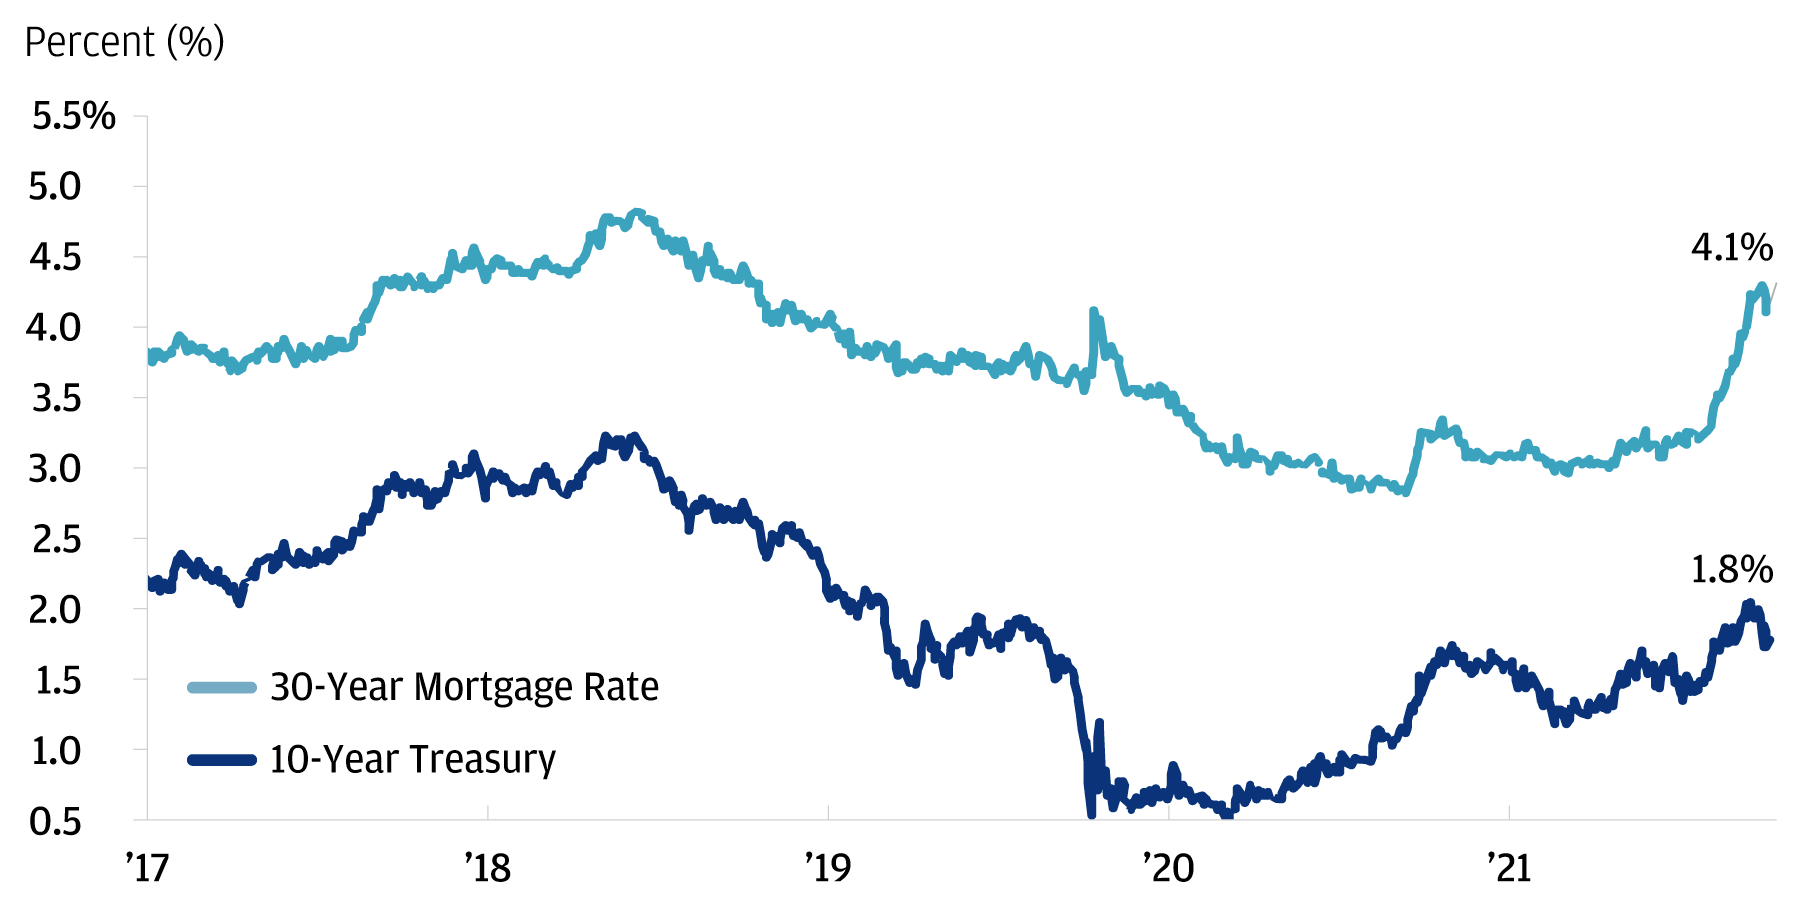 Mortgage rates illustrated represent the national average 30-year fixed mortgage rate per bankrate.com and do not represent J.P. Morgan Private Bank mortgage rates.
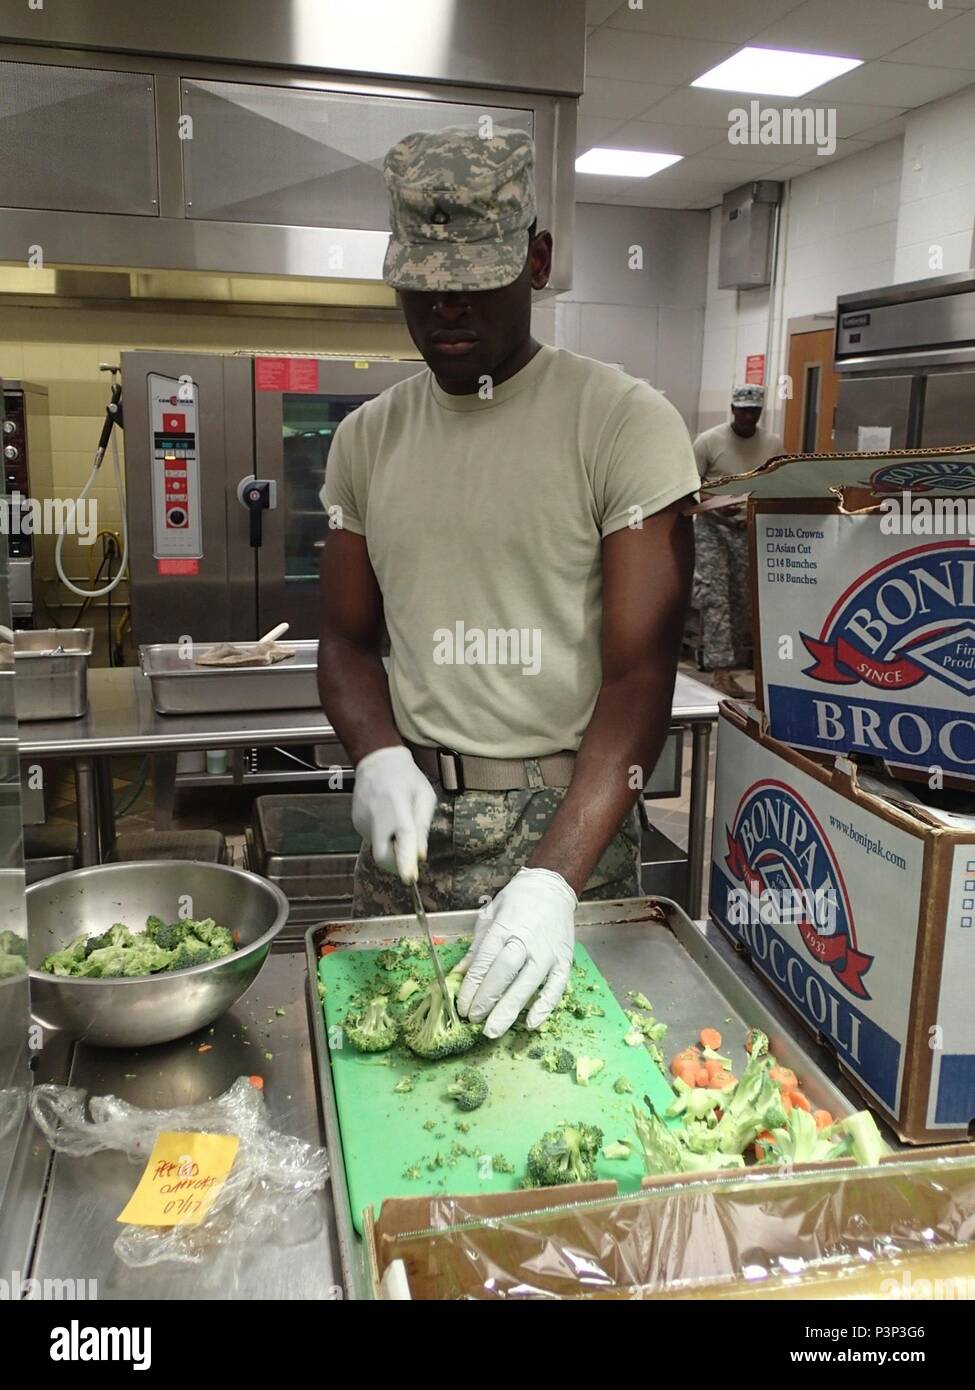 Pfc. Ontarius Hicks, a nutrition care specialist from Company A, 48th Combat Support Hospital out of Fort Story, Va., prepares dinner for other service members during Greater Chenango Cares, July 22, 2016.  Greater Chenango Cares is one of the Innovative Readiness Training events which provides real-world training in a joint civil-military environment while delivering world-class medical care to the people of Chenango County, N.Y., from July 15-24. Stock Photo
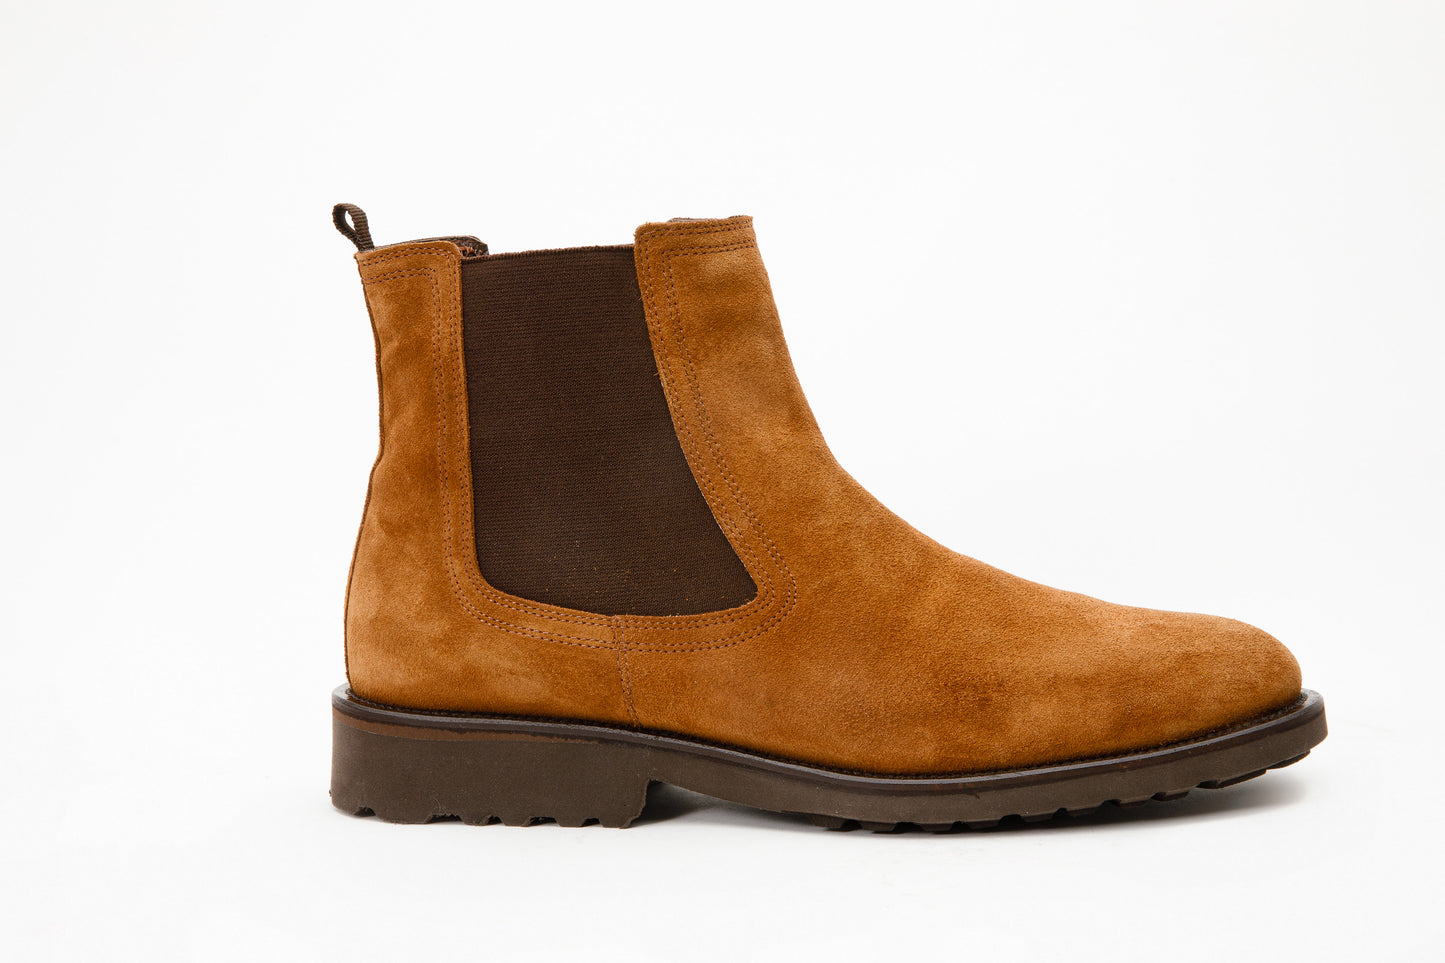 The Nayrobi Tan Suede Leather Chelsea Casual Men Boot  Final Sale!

■ Problem requirements
A faithful copy of the data is required: each word kept, each picture omitted.

■ Output for this task
 Mortgage rates illustrated represent the national average 30-year fixed mortgage rate per bankrate.com and do not represent J.P. Morgan Private Bank mortgage rates.
 Pfc. Ontarius Hicks, a nutrition care specialist from Company A, 48th Combat Support Hospital out of Fort Story, Va., prepares dinner for other service members during Greater Chenango Cares, July 22, 2016.  Greater Chenango Cares is one of the Innovative Readiness Training events which provides real-world training in a joint civil-military environment while delivering world-class medical care to the people of Chenango County, N.Y., from July 15-24. Stock Photo
 The Nayrobi Tan Suede Leather Chelsea Casual Men Boot  Final Sale!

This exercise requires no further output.